#### Assignment:
Transcribe each line of the material as it is, and drop any picture.

[[ Information shown, beginning ]]

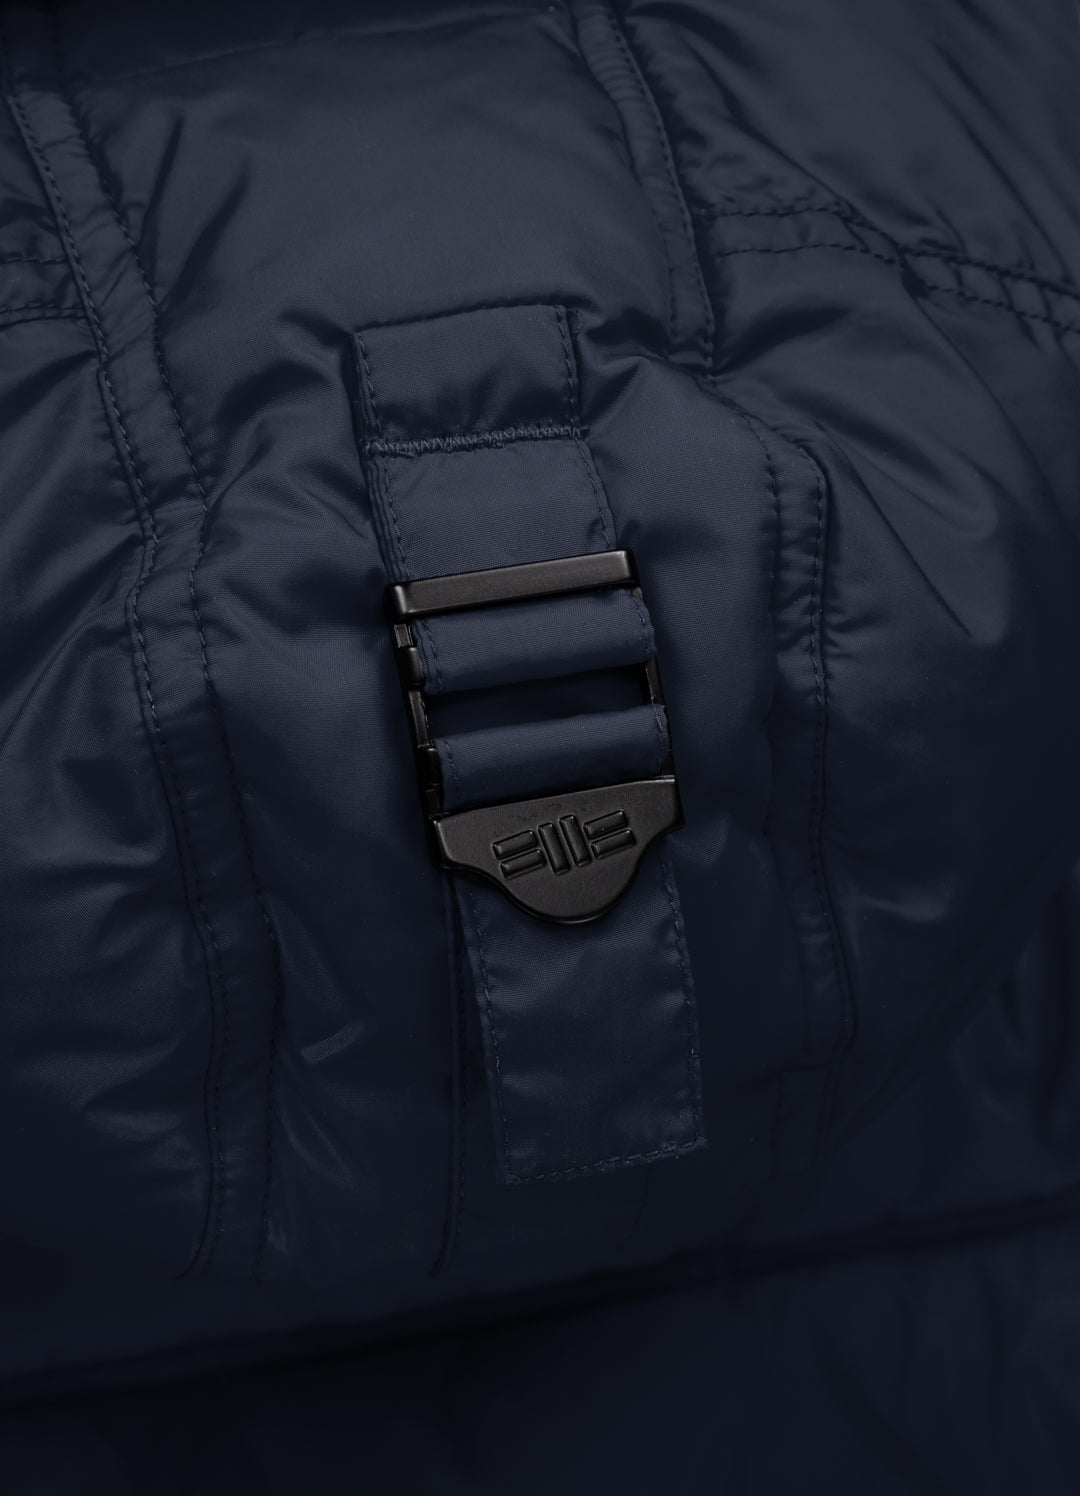 Parka Jacket KINGSTON Dark Navy - Pitbull West Coast International Store 
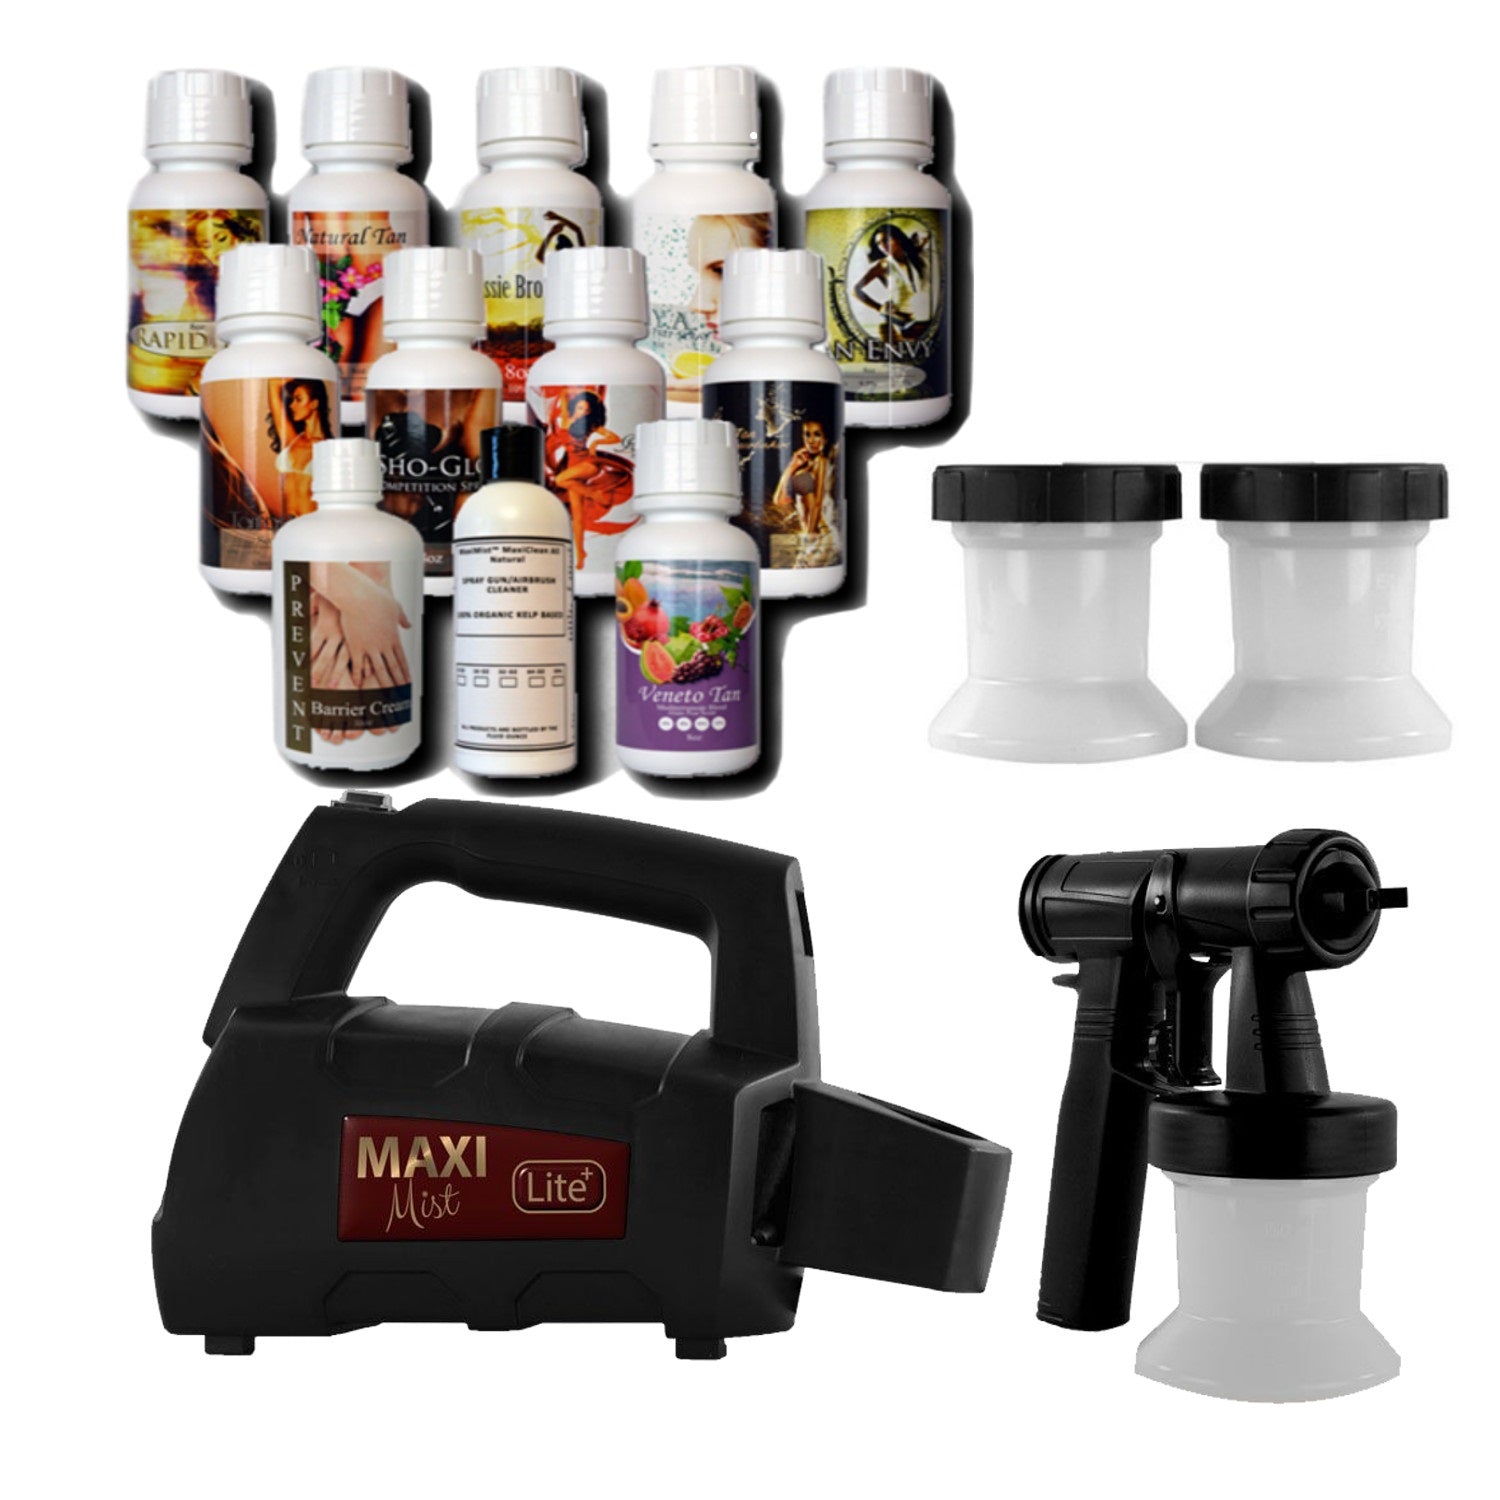 MaxiMist Lite Plus HVLP Spray Tanning System
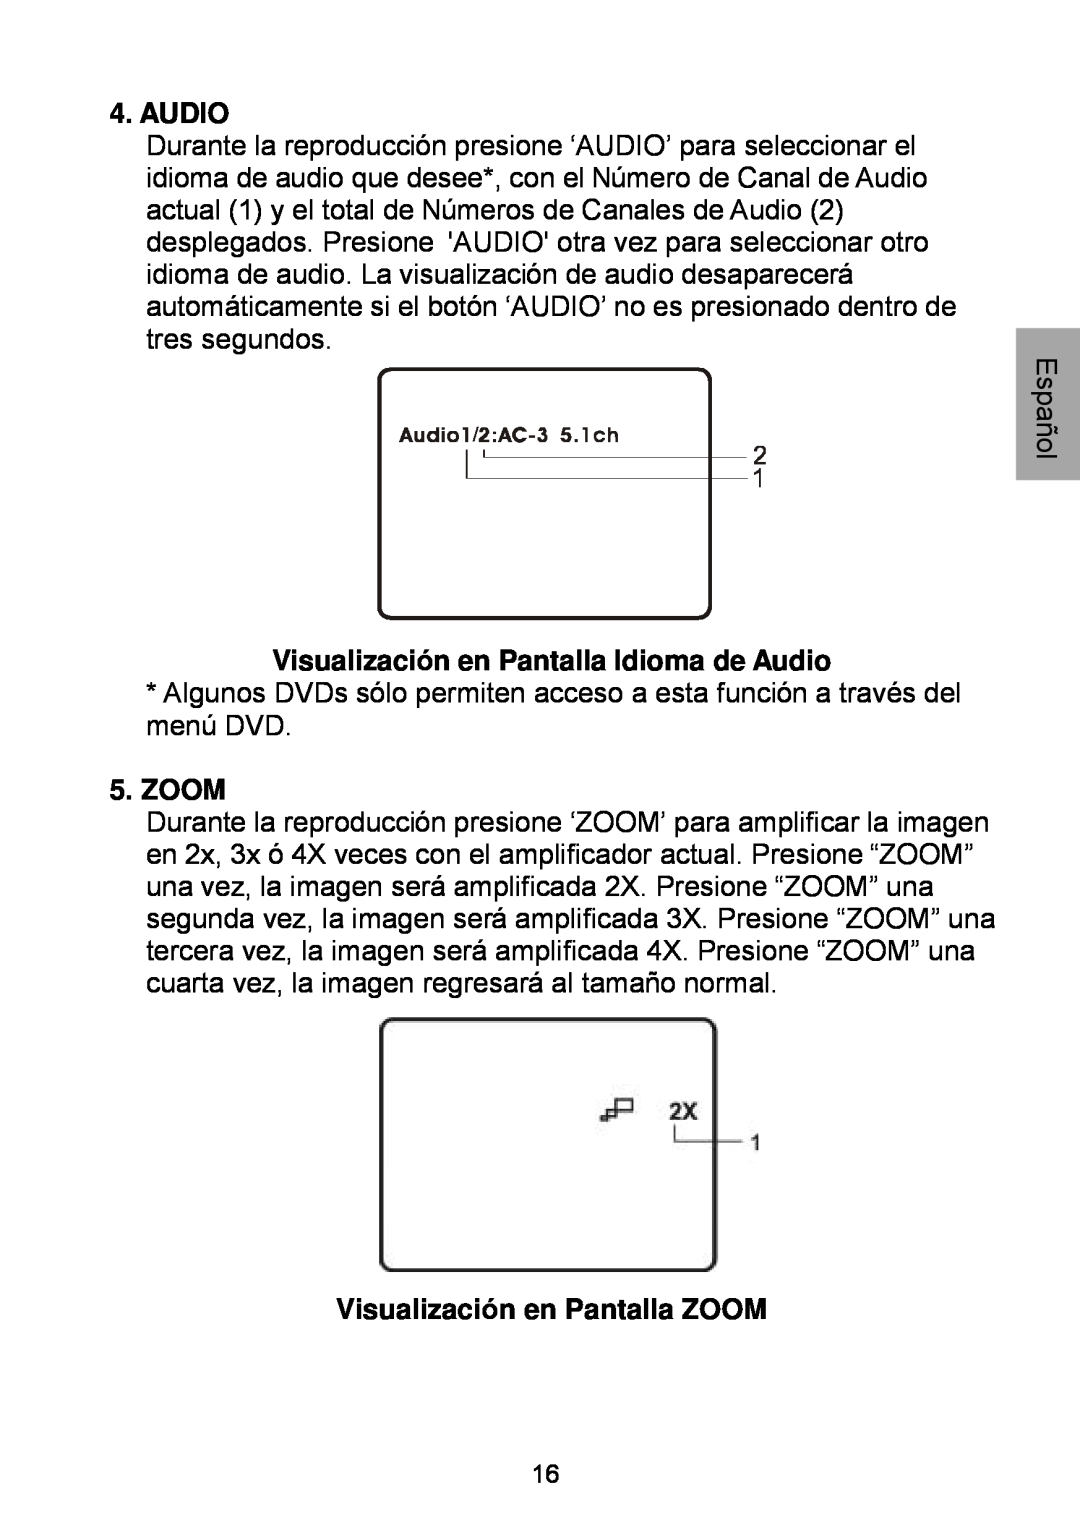 Audiovox D1929B manual Visualización en Pantalla Idioma de Audio, Zoom, Visualización en Pantalla ZOOM

[[ Information shown, end ]]

#### Written response:
 Parka Jacket KINGSTON Dark Navy - Pitbull West Coast International Store 
 MaxiMist Lite Plus HVLP Spray Tanning System
 Audiovox D1929B manual Visualización en Pantalla Idioma de Audio, Zoom, Visualización en Pantalla ZOOM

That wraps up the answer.